Title: Fast fitting of neural ordinary differential equations by Bayesian neural gradient matching to infer ecological interactions from time series data

Authors: Willem Bonnaffé (w.bonnaffe@gmail.com) and Tim Coulson (tim.coulson@bio.ox.ac.uk).

Date: 13-04-2023

Version: v1_0_0

Overview: This repository introduces a novel method, Bayesian neural gradient matching (BNGM), to improve the speed and accuracy of fitting neural ordinary differential equations (NODEs) to time series data. The method involves the following steps: (1) interpolating the state and dynamics of time series of ecosystem variables with neural networks taking time as input, (2) approximating the interpolated dynamics of the variables with neural networks that take the interpolated states as inputs, (3) estimate ecological effects and contributions of each variable to the others by computing the sensitivity of the approximated dynamics with respect to a change in each input variable.

Repository content: The repository contains (1) a data folder with all time series used in this work, (2) a manuscript folder with all latex files, figures, R scripts, results, necessary to compile the manuscript that introduces the method, and (3) a scripts folder with a template script to apply the NODEBNGM method to a new set of time series. All main folders contain README.md files which give instructions on how to run the scripts.

Abstract

1. Inferring ecological interactions is hard because we often lack suitable parametric representations to portray them. Neural ordinary differential equations (NODEs) provide a way of estimating interactions nonparametrically from time series data. NODEs, however, are slow to fit, and inferred interactions have not been compared to the truth.

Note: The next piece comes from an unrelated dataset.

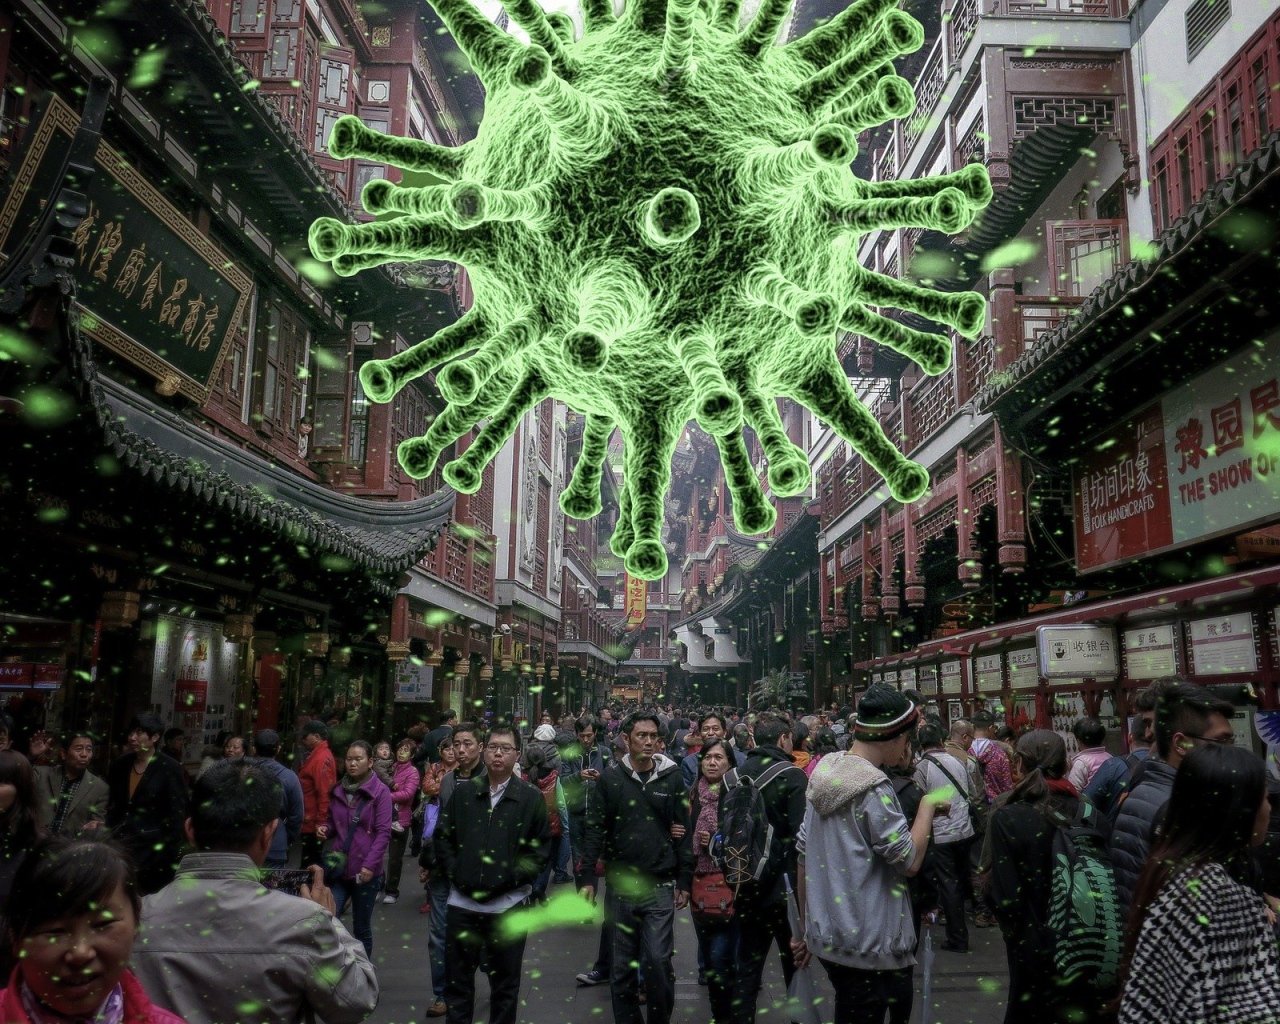 Вирус коронавируса навис над городом, Китай
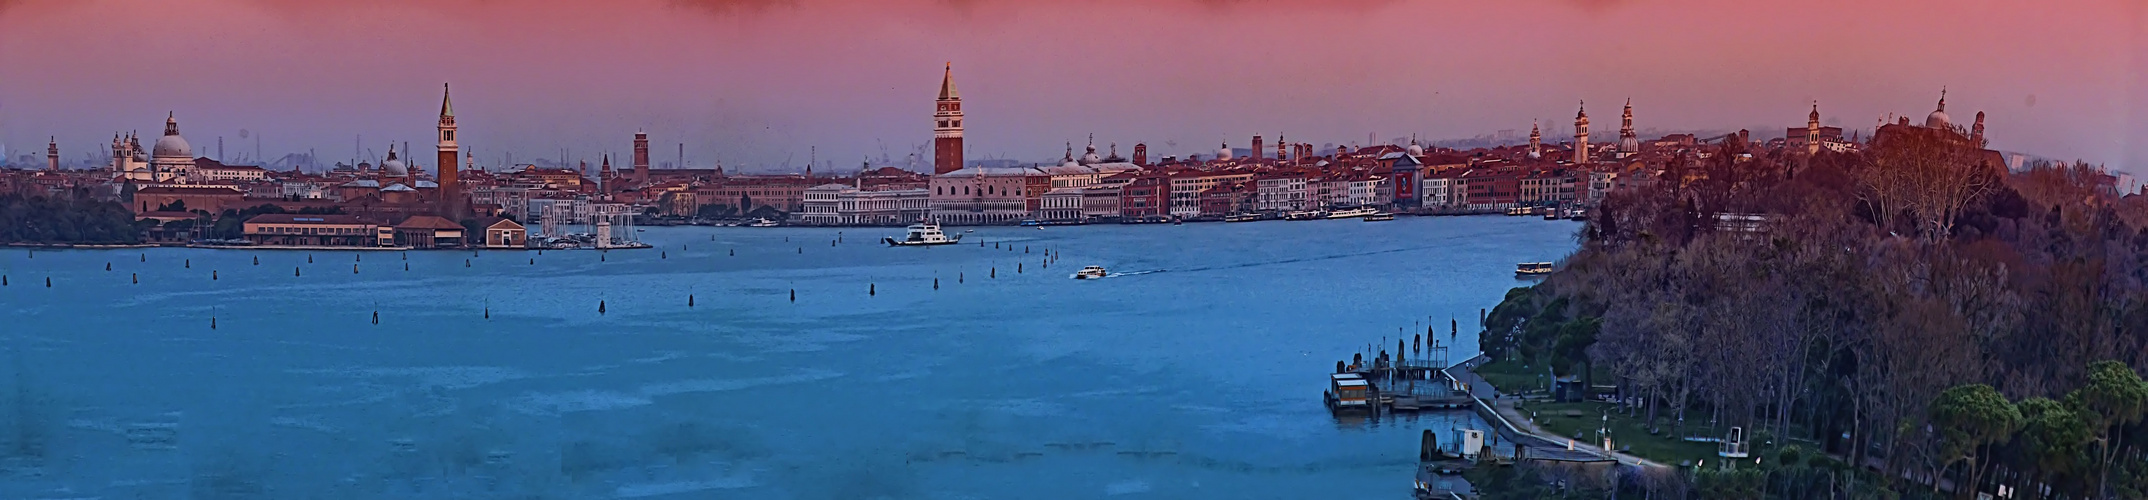 Impressions of Venezia -Motiv vom Weltenbummler

2. We provide a fast NODE fitting method, Bayesian neural gradient matching (BNGM), which relies on interpolating time series with neural networks, and fitting NODEs to the interpolated dynamics with Bayesian regularisation. We test the accuracy of the approach by inferring ecological interactions in time series generated by an ODE model with known interactions. We compare these results against three existing approaches for estimating ecological interactions, standard NODEs, ODE models, and convergent cross mapping (CCM). We also infer interactions in experimentally replicated time series of a microcosm featuring an algae, flagellate, and rotifer population, in the hare and lynx system, and the Maizuru bay community featuring 11 species.

3. Our BNGM approach allows us to cut down the fitting time of NODE systems to only a few seconds and provides accurate estimates of ecological interactions in the artificial system, as true ecological interactions are estimated with minimal error. Our benchmark analysis reveals that our approach is both faster and more accurate than standard NODEs and parametric ODEs, while CCM was found to be faster but less accurate. The analysis of the replicated time series reveals that only strongest interactions are consistent across replicates, while the analysis of the Maizuru community shows the strong negative impact of the chameleon goby on most species of the community, and a potential indirect negative effect of temperature by favouring goby population growth.

4. Overall, NODEs alleviate the need for a mechanistic understanding of interactions, and BNGM alleviates the heavy computational cost. This is a crucial step availing quick NODE fitting, cross- validation, and uncertainty quantification, as well as more objective estimation of interactions, and complex context dependence, than parametric models.